Phylogenetic analysis

The sequences of the full coding region (10,170 bp) and E gene (2415 bp) were extracted from the MSA of DENV3/III strains. They were used as the input for the reconstruction of ORF and E phylogenetic tree, respectively. The phylogeny and the divergence time (tMRCA) of DENV3/III were estimated simultaneously using Bayesian Markov Chain Monte Carlo (MCMC) approach as implemented in BEAST 2.3 [55]. The Generalised time-reversible model with gamma distribution and invariant site (GTR + G + I) was selected using the Akaike Information Criterion (AIC) as implemented in jModel Test 2.1.4 [56]. The analysis was carried out under strict molecular clock model with MCMC chain length of 100 million, sampling every 10,000 generations. The resulting trace file was accessed using Tracer v1.6 [57]. The resulting trees were summarized into Maximum clade credibility (MCC) tree using TreeAnnotator V1.8.0 [58] and visualized using FigTree V1.4.2 [59]. The statistical significance of the tree nodes was determined using the posterior probability value.

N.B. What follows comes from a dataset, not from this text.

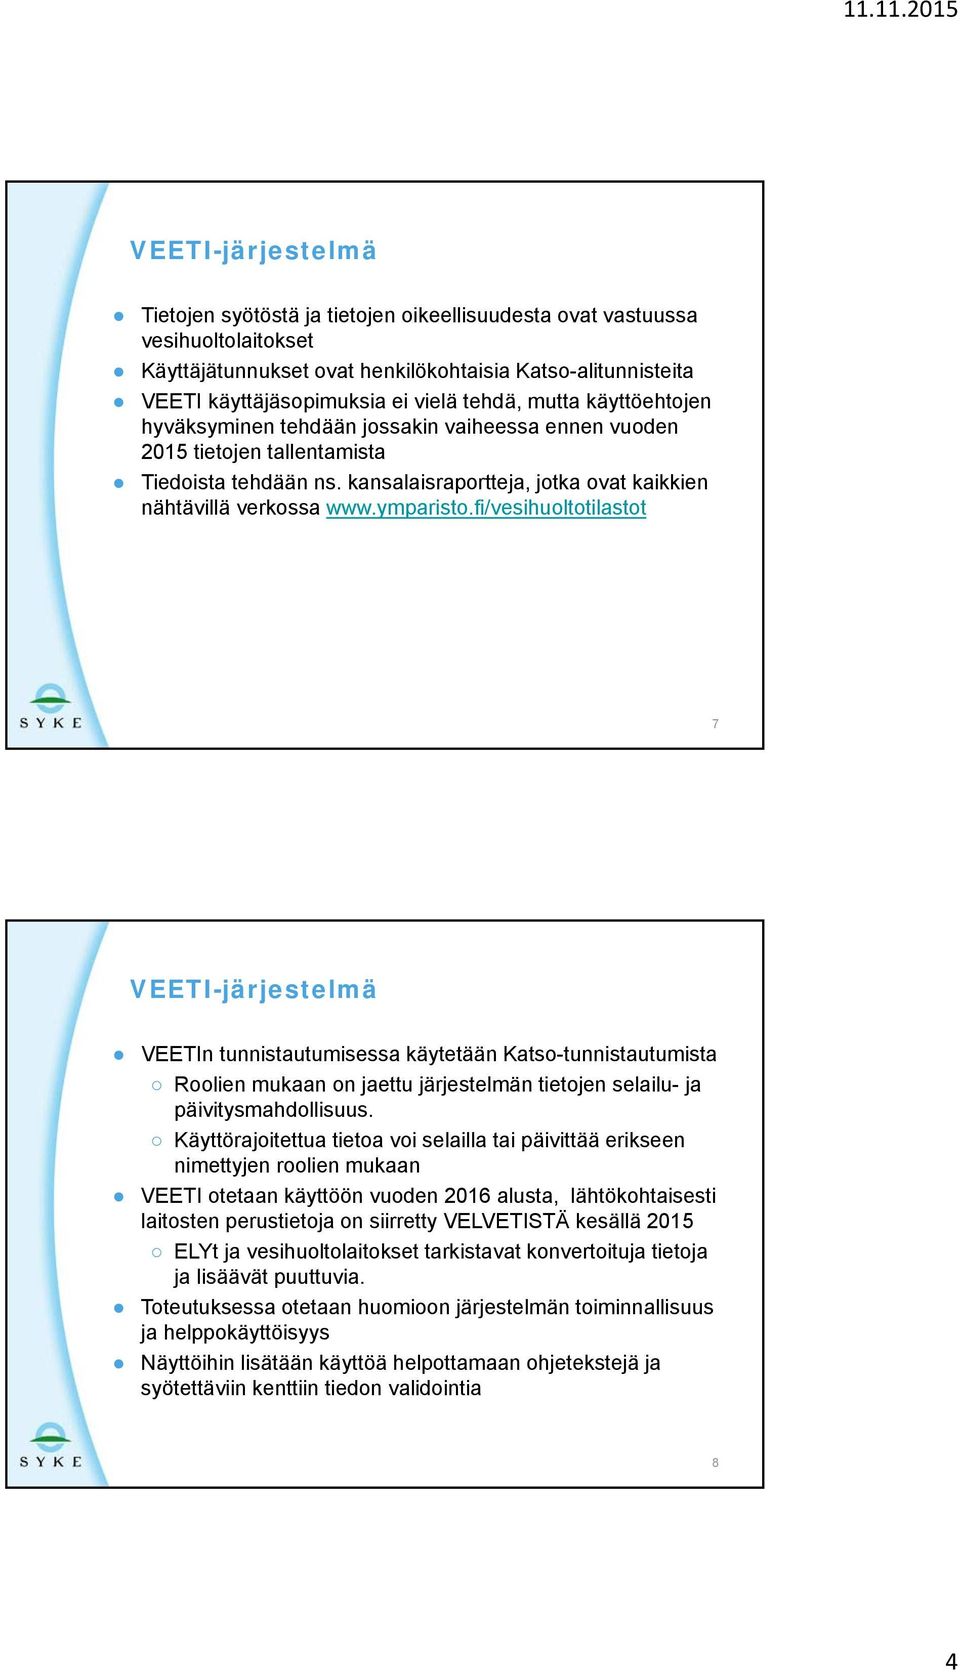 ymparisto.fi/vesihuoltotilastot 7 VEETI-järjestelmä VEETIn tunnistautumisessa käytetään Katso-tunnistautumista Roolien mukaan on jaettu järjestelmän tietojen selailu- ja päivitysmahdollisuus.

Phylogeographic analysis of DENV3 genotype III lineage C

In order to explore the phylogeography of DENV3/III-C, the E sequences of all DENV3/III-C (n = 102) were extracted from the initial E gene dataset. The 102 DENV3/III-C E gene sequences were used as the input for the reconstruction of a DENV3/III-C MCC tree using Beast 2.4.3 [55]. Phylogeographic analysis was performed with TrN93 model with gamma distribution (TrN93 + G), and a relaxed uncorrelated lognormal clock [60]. We used country of isolation of the DENV3/III-C strains over discrete diffusion model to reconstruct the possible ancestral location states of each internal branch. The analysis was performed under strict molecular clock model with MCMC chain length of 20 million, sampling every 2000 states.